Recorded data:
%%
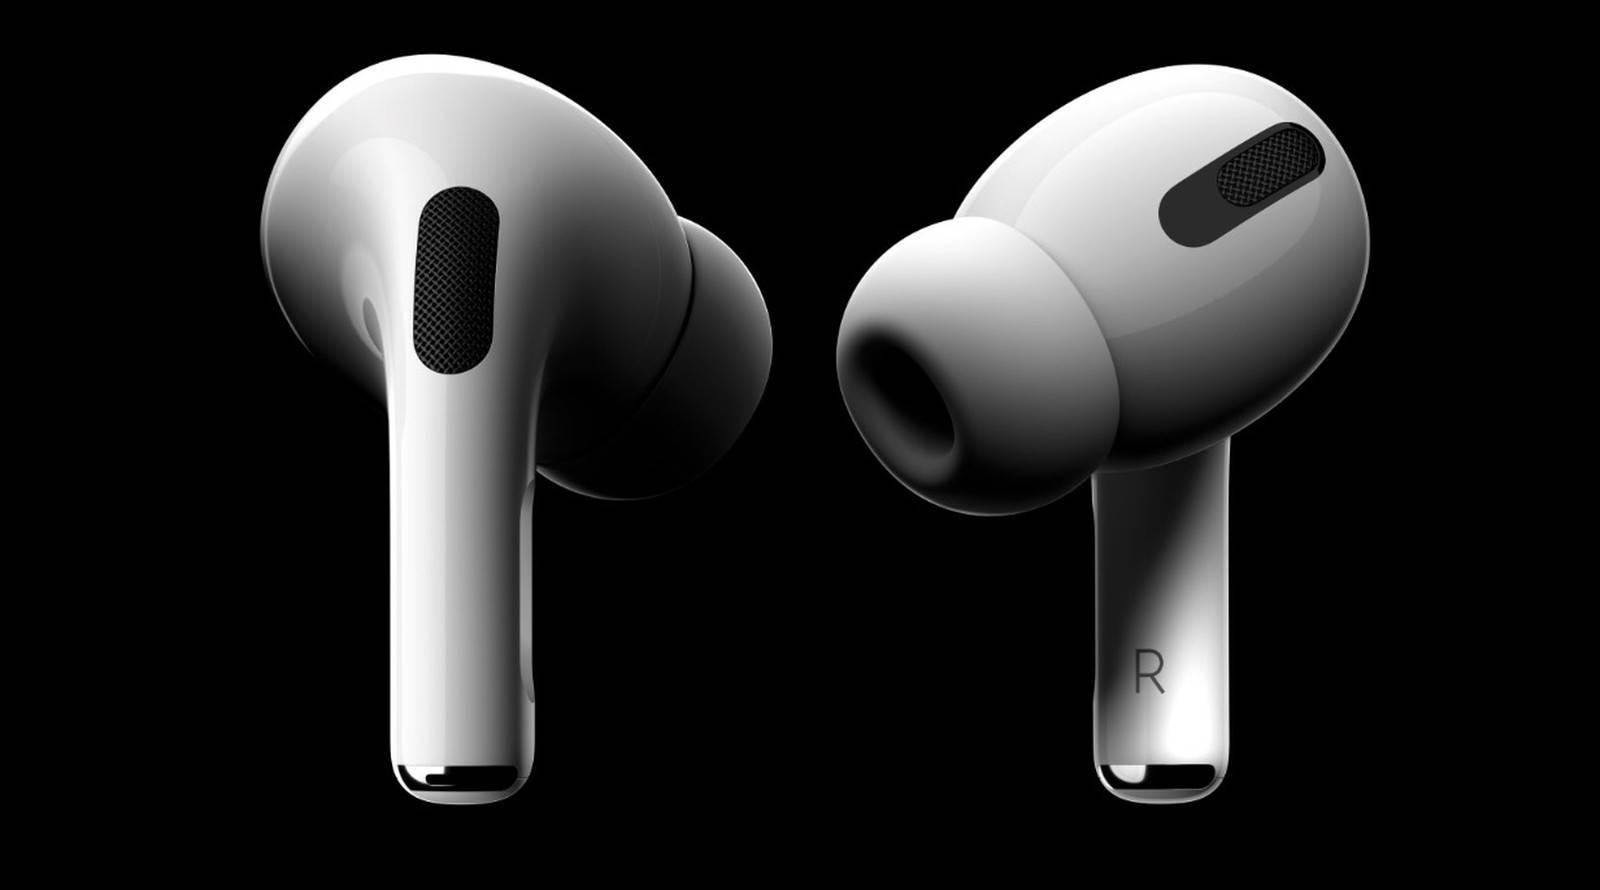 苹果在2020年保持了可穿戴设备市场的领先地位
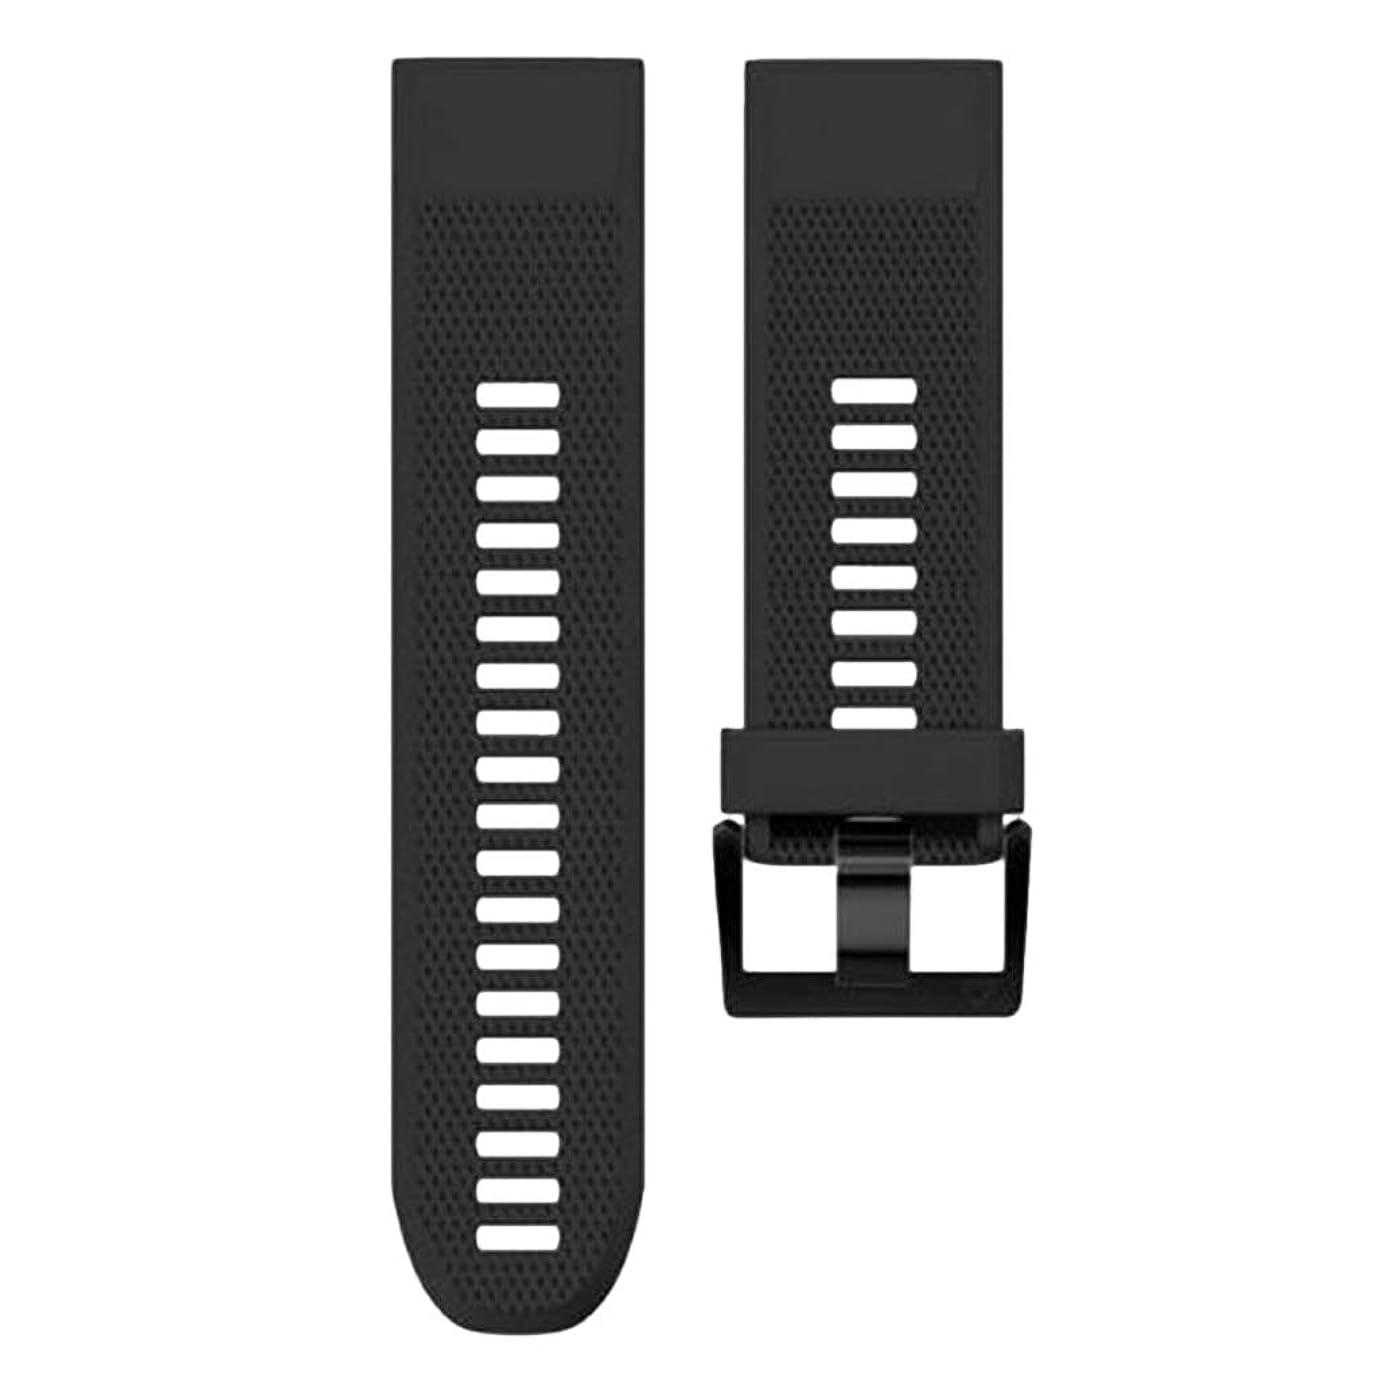 シェルター来て愛するガーミンフェニックス5Sのファッション耐久性のある交換スポーツTPUスマートブレスレットリストバンドストラップベルト
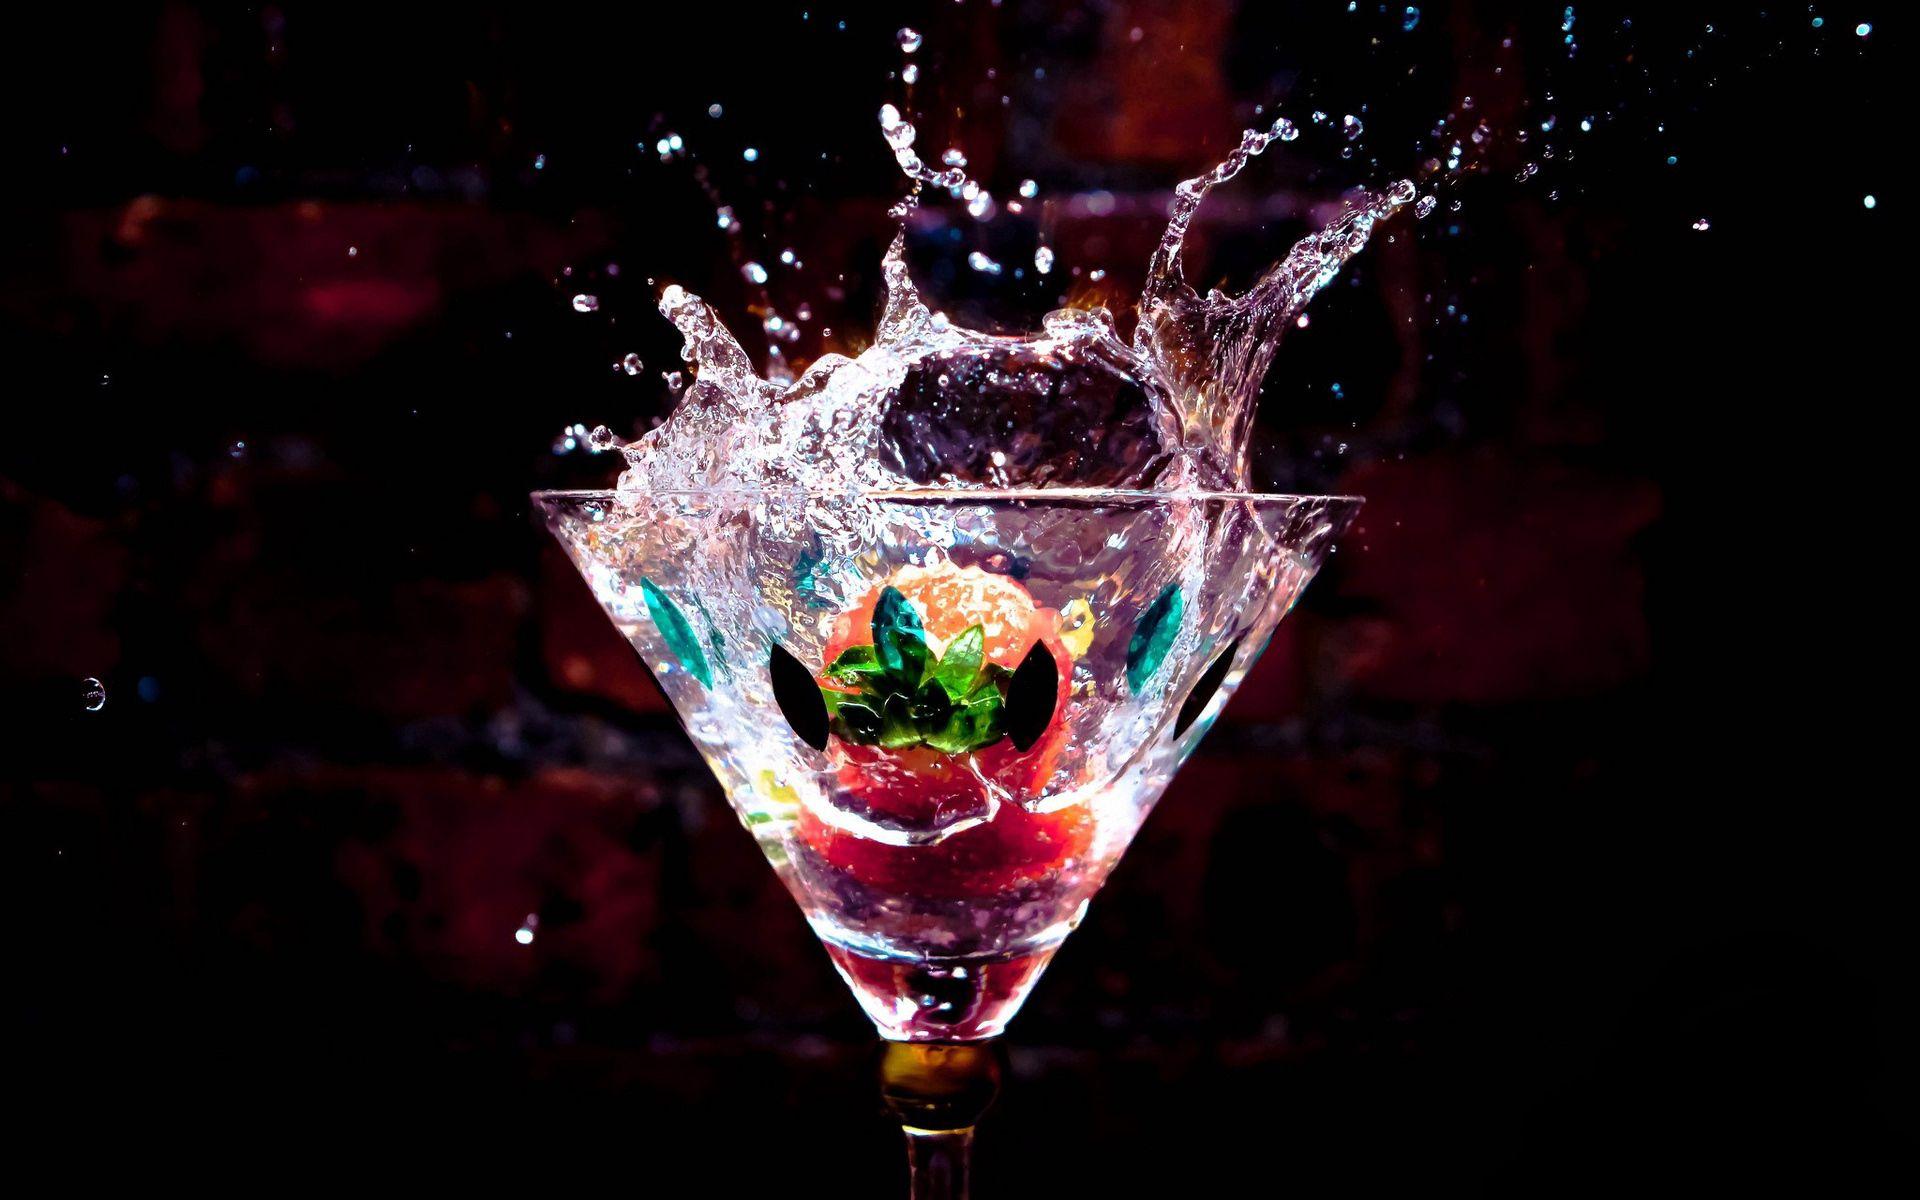 107779 Hintergrundbild herunterladen Wasser, Lebensmittel, Getränke, Drops, Flüssigkeit, Trinken, Weinglas, Goblet - Bildschirmschoner und Bilder kostenlos
%%
Extract the full listing above verbatim; pictures are to be left out of the copy.

 苹果在2020年保持了可穿戴设备市场的领先地位
 シェルター来て愛するガーミンフェニックス5Sのファッション耐久性のある交換スポーツTPUスマートブレスレットリストバンドストラップベルト
 107779 Hintergrundbild herunterladen Wasser, Lebensmittel, Getränke, Drops, Flüssigkeit, Trinken, Weinglas, Goblet - Bildschirmschoner und Bilder kostenlos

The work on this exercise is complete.